5

I have often read that logical positivism holds only empirical data to be valid, yet as this view can't be empirical confirmed, it refutes itself. Is this true?

9
  • Perhaps "contradictory" is not the correct approach. See Logical Empiricism for discussion of Verificationism, and Anti-metaphysics with ref to A.J.Ayer's 1936 booklet: Language, Truth, and Logic and the discussion about "the persistent criticism that verificationism is self-undercutting" as well as Carnap's Principle of Tolerance. Commented Feb 21, 2017 at 8:39
  • Can't be empirically confirmed? All our buildings and towers are built upon Newton's laws, the dangers of super-resistant bacteria are known after Darwin's laws, all plastics and new chemical materials are drawn from century-old chemistry. At the same time, two thousand years old religion keeps promising something they'll never give (salvation), because they can't. What is there yet to be confirmed?
    – Rodrigo
    Commented Feb 21, 2017 at 14:54
  • 2
    Possible duplicate of How do Logical Positivists respond to the "Positivism is self-defeating" argument
    – E...
    Commented Feb 21, 2017 at 18:26
  • @Rodrigo How does any of that confirm logical positivism?
    – Conifold
    Commented Feb 21, 2017 at 21:29
  • @Conifold I thought "logical positivism" was essentially the same "positivism".
    – Rodrigo
    Commented Feb 21, 2017 at 22:54

3 Answers 3

3

No, not contradictory, but in the words of A.J. Ayer to Bryan Magee, "nearly all of it was false." (From the show "Men of Ideas, episode six: "Logical Positivism and its Legacy")
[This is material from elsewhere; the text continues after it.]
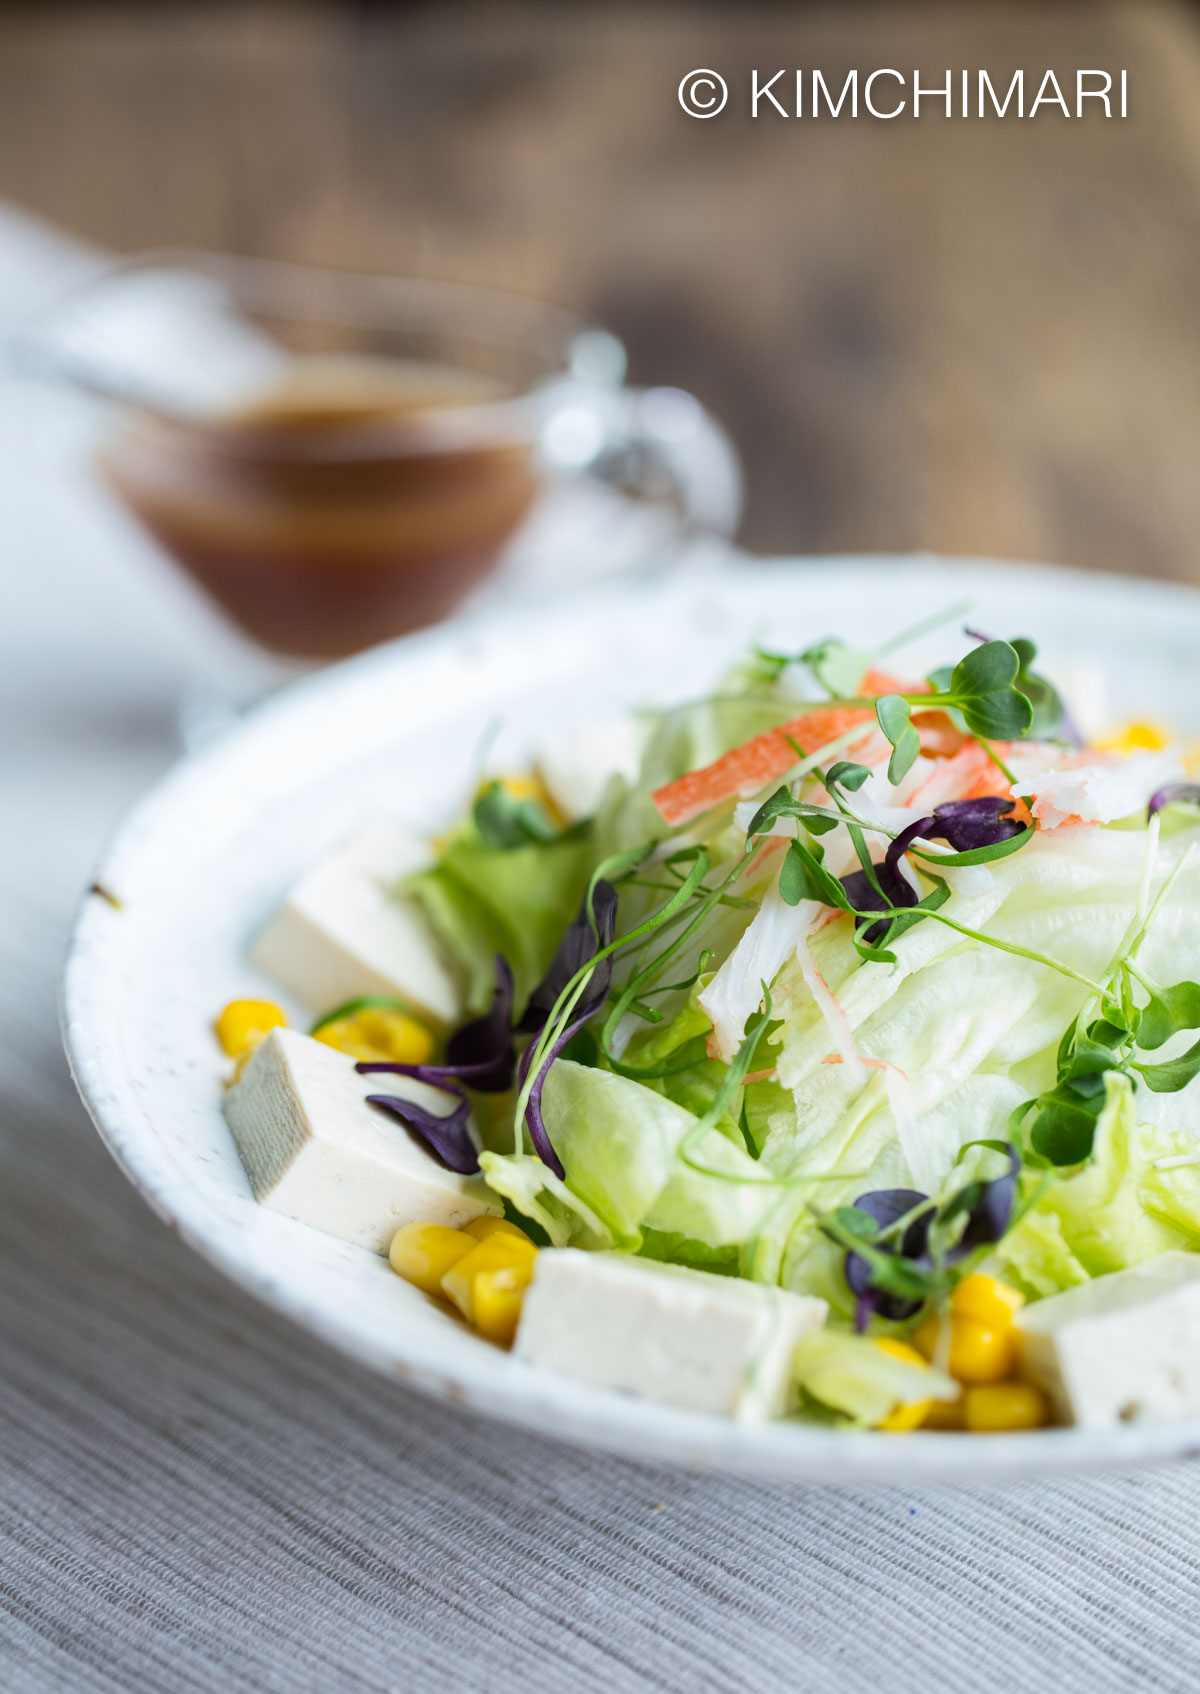 Tofu Salad with Iceberg Lettuce, Sweet Corn, Imitation Crab Meat, Microgreens

MAGEE: Now logical positivism must have had actually some real defects. What do you now in retrospect think the main shortcomings of the movement were.

AYER: I suppose the greatest defect...is that nearly all of it was false. (hearty laughter from the two of them)

MAGEE: I think you need to say a little more about that.

AYER: Perhaps that’s being too harsh on it. I still want to say that it was true in spirit in a way, that the attitude was right. But if one goes for the details, first of all the verification principle never got itself properly formulated. I tried several times and it always let in either too little or too much, and to this day it hasn’t received a properly logically precise formulation. Then, the reductionism just doesn’t work. You can’t reduce statements, even ordinary simple statements about cigarette cases and glasses and ashtrays, to statements about sense data, let alone more abstract statements of science...If you go in detail very, very little survives. What survives is the general rightness of the approach.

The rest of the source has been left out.